When I wanted a backup I bought a second or20h.


----------



## L Newman

Cant afford to.


----------



## Mitchell Pearrow

RCM 800 said:


> When I wanted a backup I bought a second or20h.


I did the same with all 3 of my amps, so now I have six .. Dsl40c’s, Origin 50H’s , 3210 lead 100 mosfet’s it took me a few years but I did get them.
Cheers


----------



## Mitchell Pearrow

L Newman said:


> Cant afford to.


The MG sounds like a good candidate, but I would shoot for the 30.
Cheers


----------



## L Newman

L Newman said:


> Hi. I'm looking for some second opinions. I'm wanting a backup in case my 20C goes bung at a gig. I'm tossing up between an EHX 5MM power amp in a pedal or a Marshall MG15 ...



I went for an EHX Howitzer 15W https://www.ehx.com/products/15watt-howitzer/ . It sounds pretty good (but doesn't have the "life" of the Origin).It'll certainly do its job as back up if ever needed.


----------



## EdgeOfBreakup

Firmed up my FX loop and made a little board for them. Pimped up with a little clear oxygen tubing and gold tinsel string courtesy of the kids. Turned out pretty cool


----------



## speyfly

Man I love the the tone of the O20H, Marshall all the way in a small package!
But then again, I don't have a JTM45 yet!


----------



## steveb63

speyfly said:


> Man I love the the tone of the O20H, Marshall all the way in a small package!
> But then again, I don't have a JTM45 yet!

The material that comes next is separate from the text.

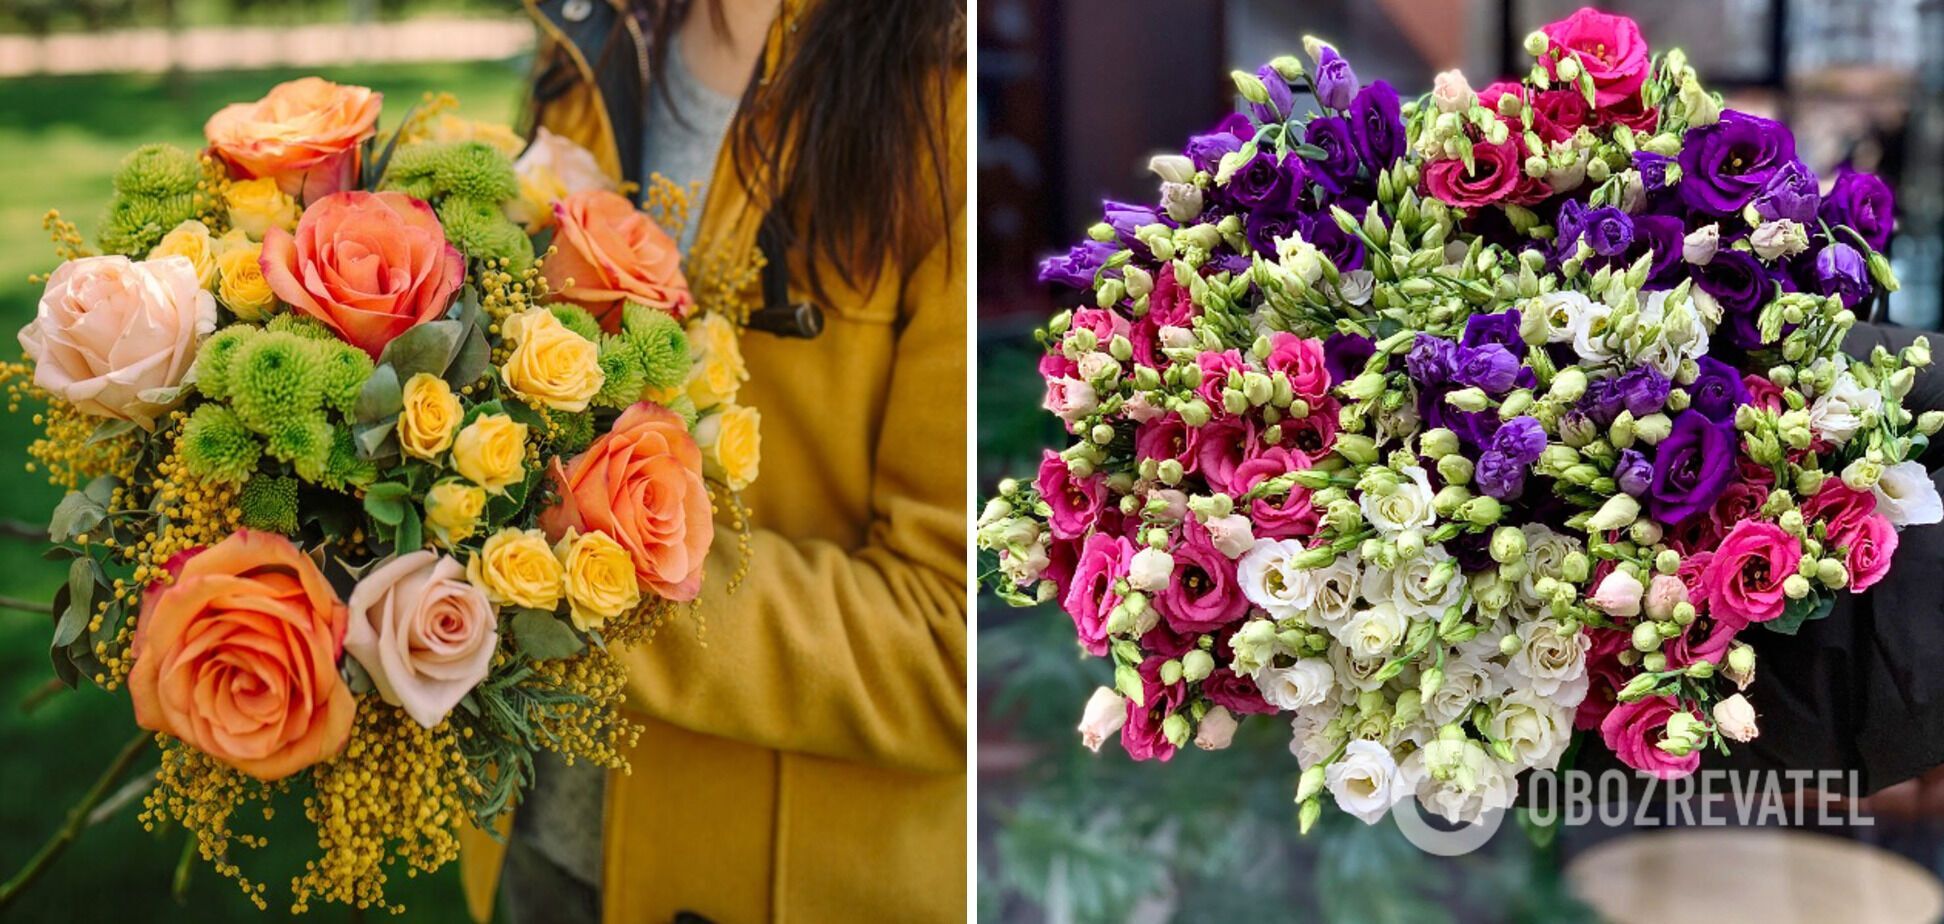 What flowers to give to your beloved, mother, sister for the spring holiday: the most successful bouquets

I have a JTM 45 as well.......

Different horses for sure, but my Origin still plays a role in most of recording.

But nothing like the JTM at around 6-8, no overdrive pedal, just pure Marshall singing with some humbuckers.


----------



## L Newman

EdgeOfBreakup said:


> Firmed up my FX loop and made a little board for them. Pimped up with a little clear oxygen tubing and gold tinsel string courtesy of the kids. Turned out pretty cool



I have the NUX Atlantic, too. I had one. Thought I could do better. Sold it. Bought something else. Sold them. Bought another Atlantic. It's here to stay.


----------



## L Newman

I was idly reading this and that online and came across this https://reverb.com/news/how-to-improve-your-amps-tone-with-preamp-tube-swaps and wondered if anyone has tried a 5751 in the first stage? And, if so, the result?


----------



## fitz

L Newman said:


> I was idly reading this and that online and came across this https://reverb.com/news/how-to-improve-your-amps-tone-with-preamp-tube-swaps and wondered if anyone has tried a 5751 in the first stage? And, if so, the result?

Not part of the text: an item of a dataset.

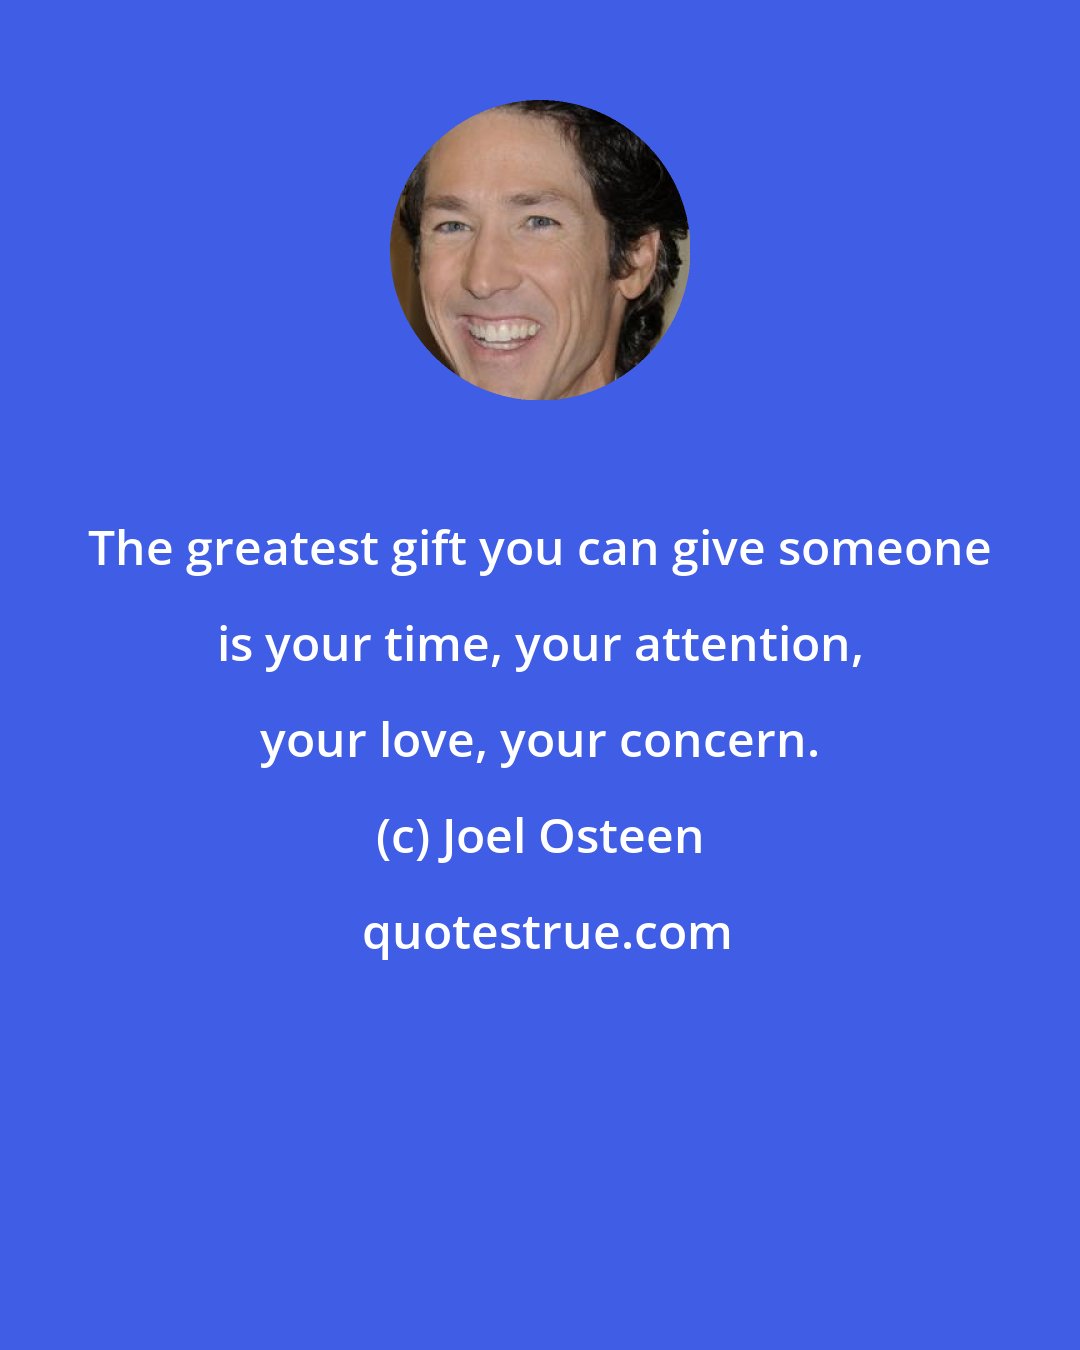 Joel Osteen: The greatest gift you can give someone is your time, your attention, your love, your concern.

5751's are a little lower gain factor than the 12AX7.




Depends on what "improve your amp's tone" means to you.
In V1, it should give you more clean headroom, so if you want that, give it a try.
There are differences in identically labeled tubes, and a bit of luck involved in tube rolling - IMO.
I put JJ803S long plates in my O20H and liked the change so much I never thought about trying other tubes.


----------



## speyfly

L Newman said:


> I was idly reading this and that online and came across this https://reverb.com/news/how-to-improve-your-amps-tone-with-preamp-tube-swaps and wondered if anyone has tried a 5751 in the first stage? And, if so, the result?




Great read, thx.

12AT7 in V1 is giving me great results.


----------



## C-Grin

Lower gain, as if that's a thing


----------



## speyfly

fitz288 said:


> 5751's are a little lower gain factor than the 12AX7.
> 
> 
> 
> 
> Depends on what "improve your amp's tone" means to you.
> In V1, it should give you more clean headroom, so if you want that, give it a try.
> There are differences in identically labeled tubes, and a bit of luck involved in tube rolling - IMO.
> I put JJ803S long plates in my O20H and liked the change so much I never thought about trying other tubes.



Hey fitz, try out your 803's in V2 and V3 with a 12AT7EH in V1, I really think you'll like that mix. Let me know what you think.


----------



## fitz

speyfly said:


> Hey fitz, try out your 803's in V2 and V3 with a 12AT7EH in V1, I really think you'll like that mix. Let me know what you think.


What do you like about it?
TubeDepot says 12AY7EH are good for reverb circuits & PI but can be microphonic in V1.
Lower gain factor then 12AX7.

I put the 803s tubes in all 3 slots because I read somewhere they are good for more gain.
Then I read somewhere they have less gain than the regular ECC83/12AX7.
Also read they can be microphonic in V1.

I've read so many threads about this or that tube brand, and magic combinations of this one here and that one there.
Once saw back-to-back posts - first was this brand for preamp and that brand for power - next post was exact opposite.
I've come to think that tube rolling is more dumb luck than science, or brand, or tube design.
I know there are different specs for different brands, but right now every tube is coming out of just 2 factories.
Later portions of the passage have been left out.